Unpacking the algorithms behind online experiences

By General

Relinquishing human free will to the machines generally gets a bad rap. In the media, all kinds of scientists are nefarious in their data-driven ways — even well-intentioned science yields Frankenstein’s monster far more often than the reasonable paleontologist in Jurassic Park. The Terminator franchise in the 1980s was among the first to introduce the concept of the Singularity to mass media — what happens to humans when their systems become self aware? — with predictable dire results. (According to futurist Ray Kurzweil the Singularity is now only 17 years away — so look busy.)

And yet in our online lives, we cede more and more to algorithms and machine learning. Eli Pariser highlighted the risks of our collective inattention to the use of algorithms in his 2011 The Filter Bubble. He pointed out that applications like Facebook show us only a curated subset of our friends, just as Google in 2009 began to filter our searches for us — even when we’re logged out. Apart from intermittent outrage in front page stories (“Target knew my teen daughter was pregnant before I did!”), we don’t often question the convenience that all these behaviorally-fueled algorithms offer us. We may cringe at ads that re-target us around the web, but as long as we use the conveniently-timed coupons offered to us, we are encouraging rather than curtailing that behavior.

Recently I’ve been reading more about Echonest, the technology that sits behind music discovery applications like Spotify and Vevo. In many ways this feels like a highest and best use of an algorithm. Who has time to manually curate playlists for everything from a workout to a night out? The algorithms go further to infer musical compatibility among friends, and have even taken a swing at how musical tastes align with political leanings – handy for those throwing national conventions or debate watch parties. The risks seem low compared to algorithmically-led access to one’s friends, but of course there’s the opportunity to skew music discovery to industry-backed new artists à la Clear Channel. While some analysts are bullish on Pandora’s music genome approach (similar to Art.sy’s attempt to map the art genome – h/t Cesar Brea), other investors are betting heavily on Echonest. A few weeks ago Echonest made public their Discovery playlist, which updates each week with emerging music from around the globe. Algorithms find out what people are listening to and taking about, and offer a great way to find new music around the world in a ways most humans can’t scale — well before it’s piped to you in the mall.
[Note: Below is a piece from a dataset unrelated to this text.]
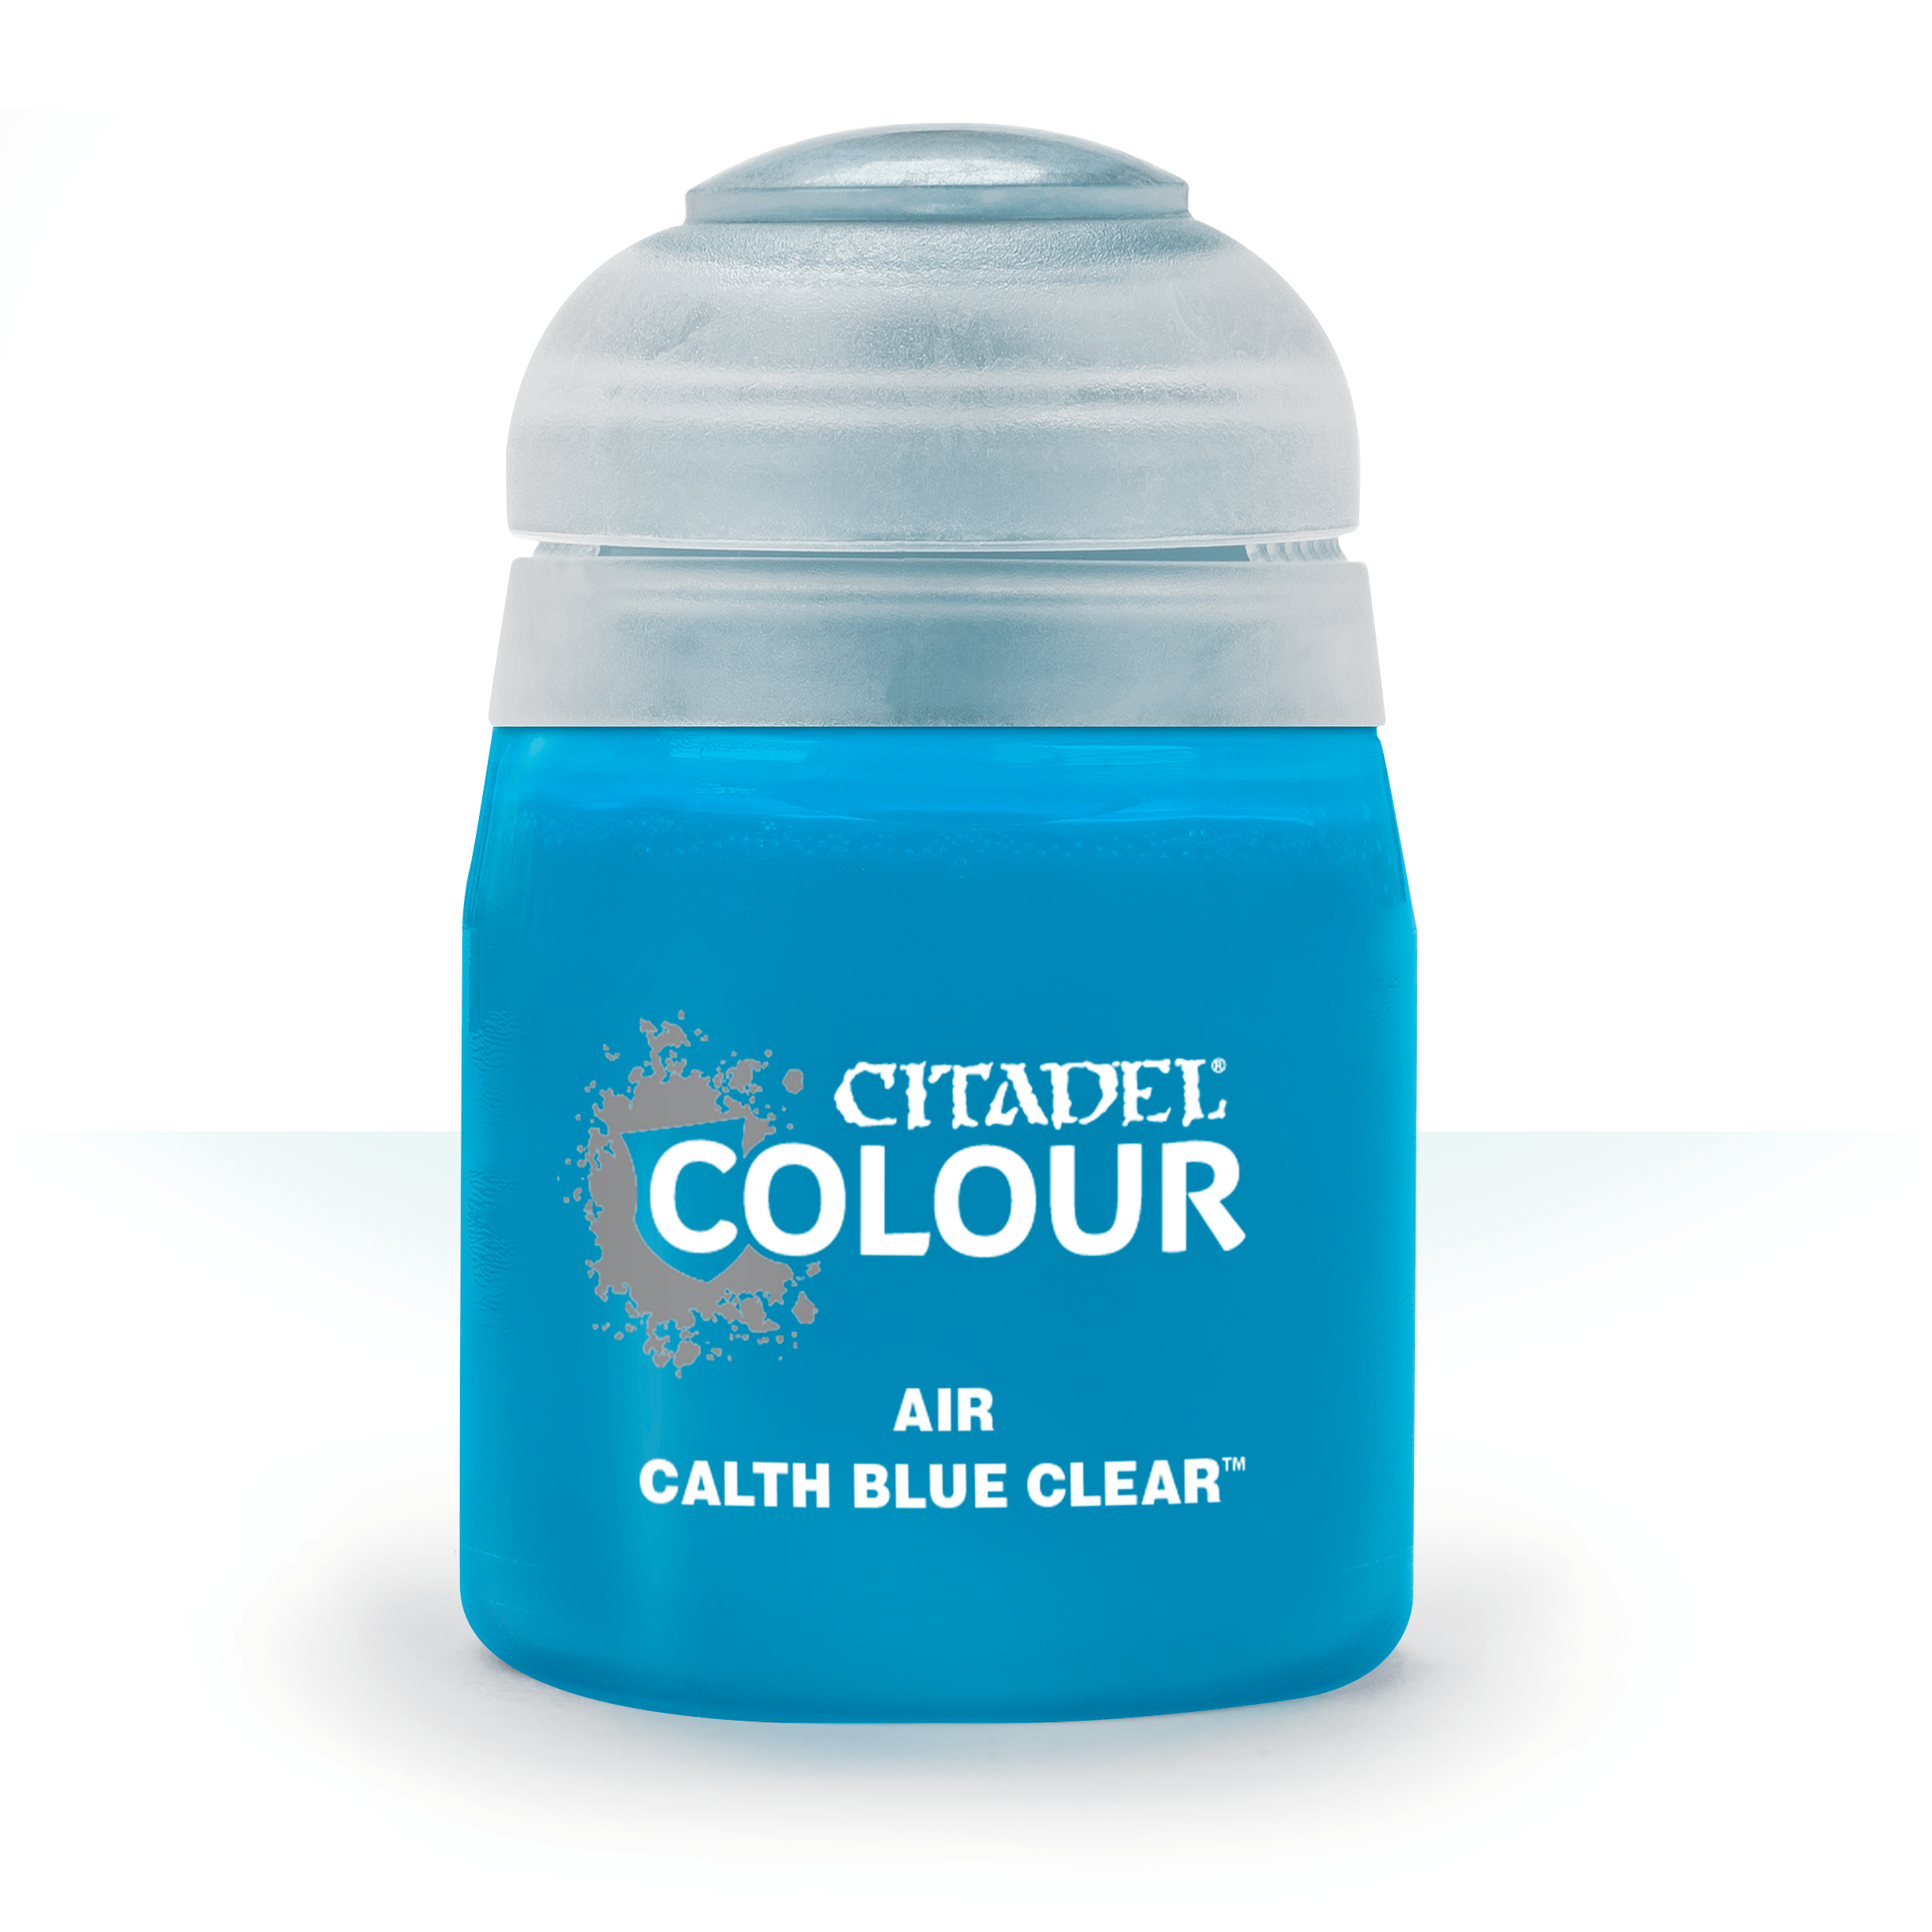 Calth Blue Clear - Citadel Air Colour

In the end, it’s all the same acknowledgement of the impossibility of the big data in our lives. It requires admitting the information overload is too great, and a degree of outsourcing selection to the machines. So maybe algorithms are less creepy when we know they’re out there working for us, and when they are finding needles from the broadest possible haystack — music we might like, seeing friends through the lens of musical compatibility — rather than surreptitiously defining the status updates we get to see.